SUPPLIED INFORMATION –
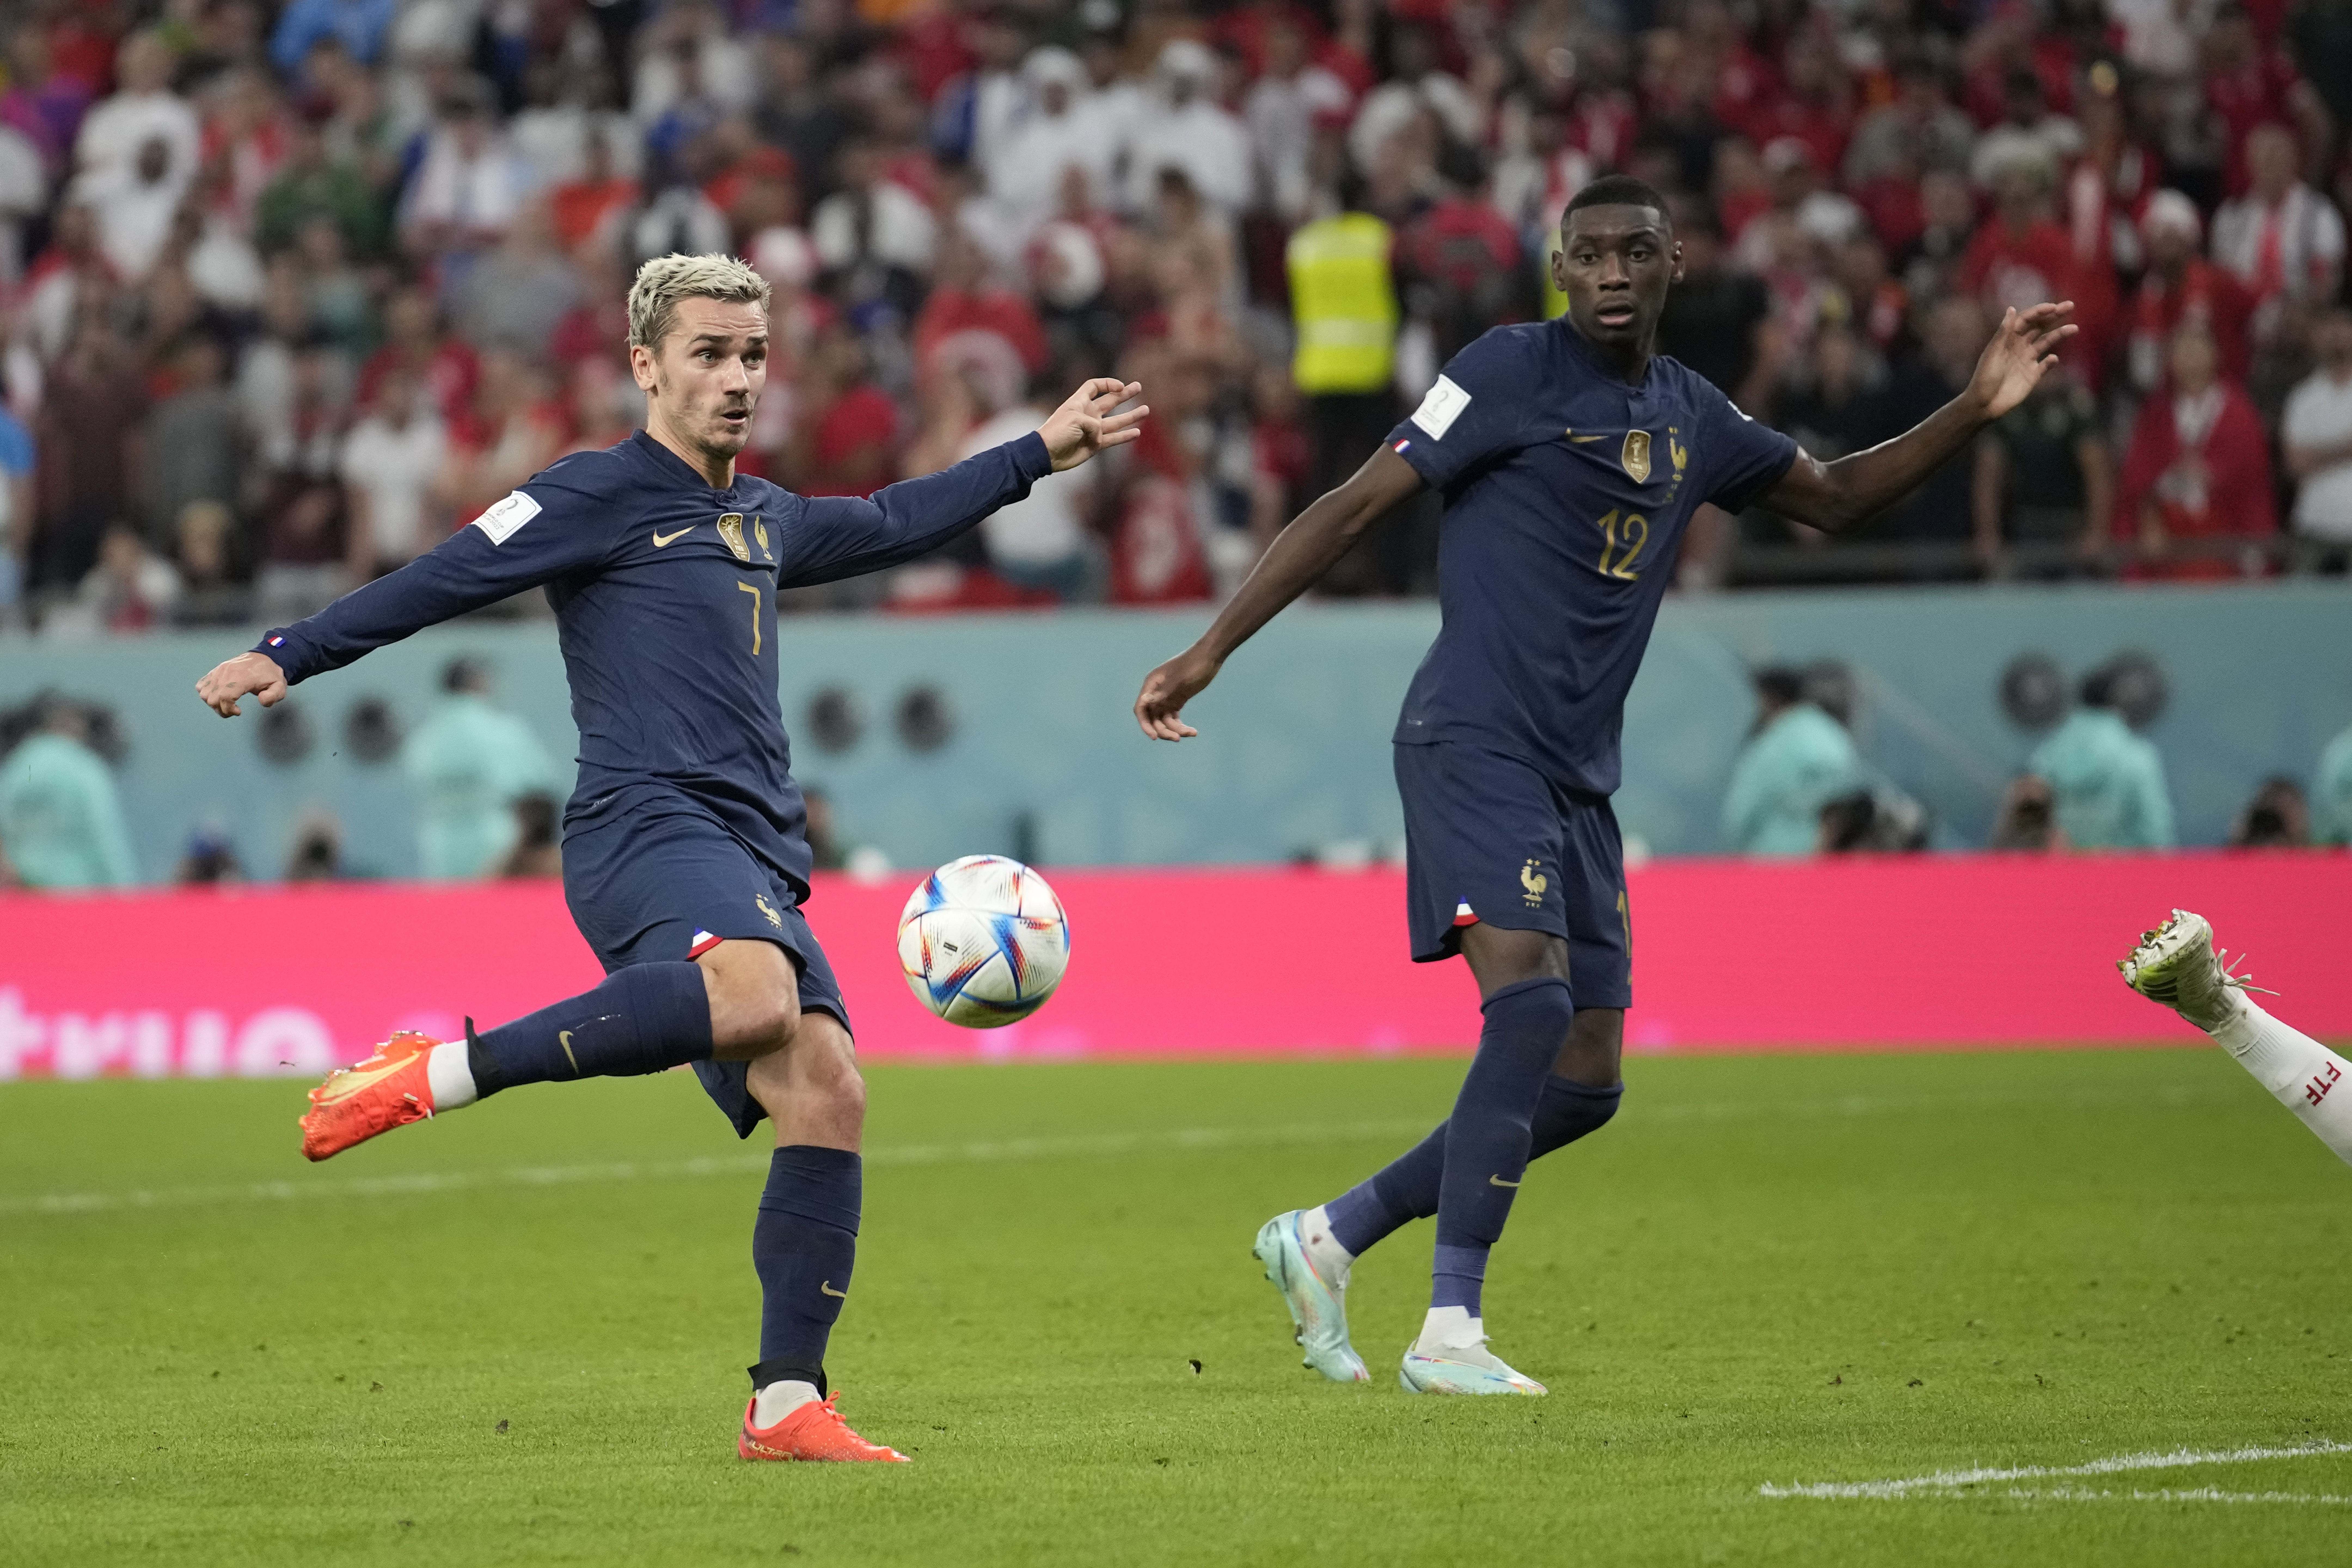 Telemundo drops World Cup ad campaign for Qatar 2022
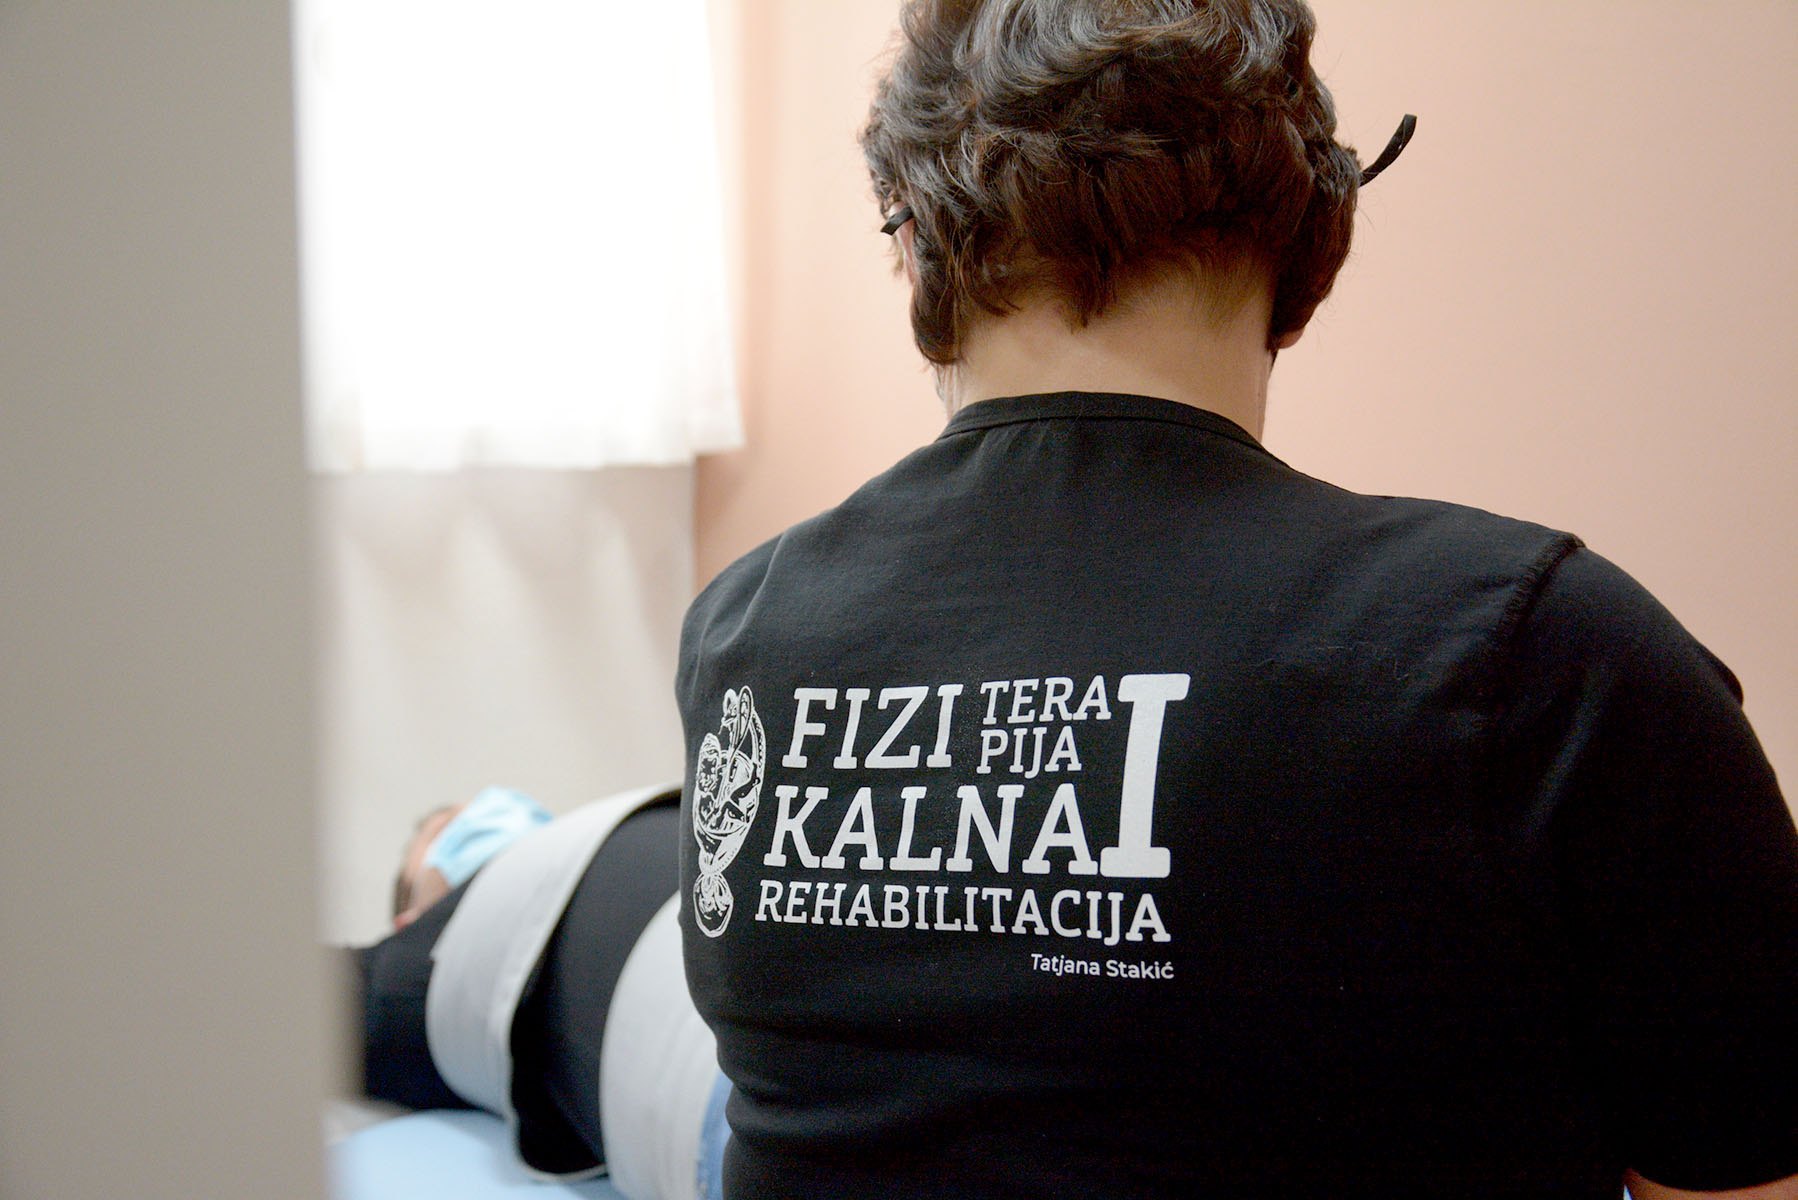 Privatna praksa fizikalne terapije i rehabilitacije Tatjana Stakić je mjesto koje osim vrhunskih zdravstvenih, nudi i kozmetičke usluge
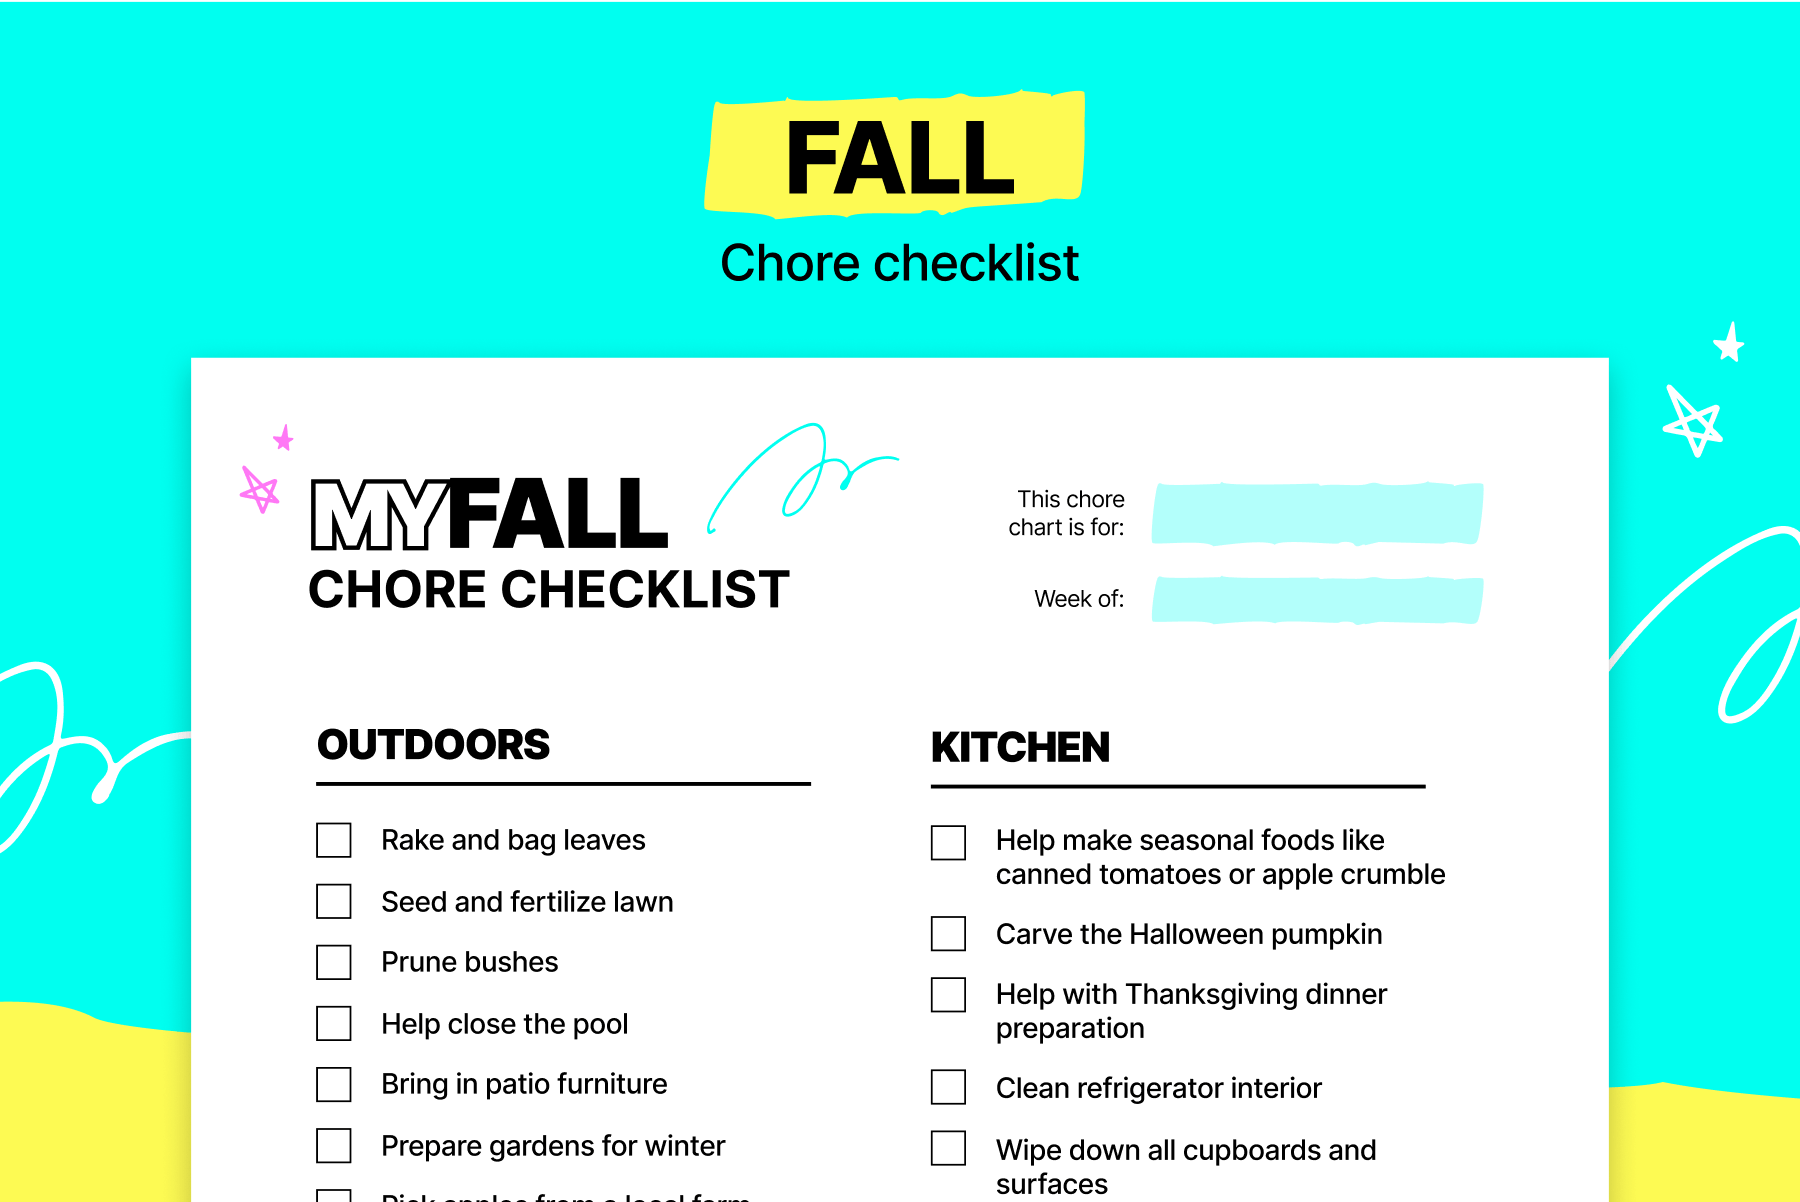 Fall chore checklist

TASK DESCRIPTION –
From the line that contains "Privatna praksa fizikalne" to the end of the listing, give every line again exactly as written. Leave the pictures out.

RESPONSE TO THIS TASK –
 Privatna praksa fizikalne terapije i rehabilitacije Tatjana Stakić je mjesto koje osim vrhunskih zdravstvenih, nudi i kozmetičke usluge
 Fall chore checklist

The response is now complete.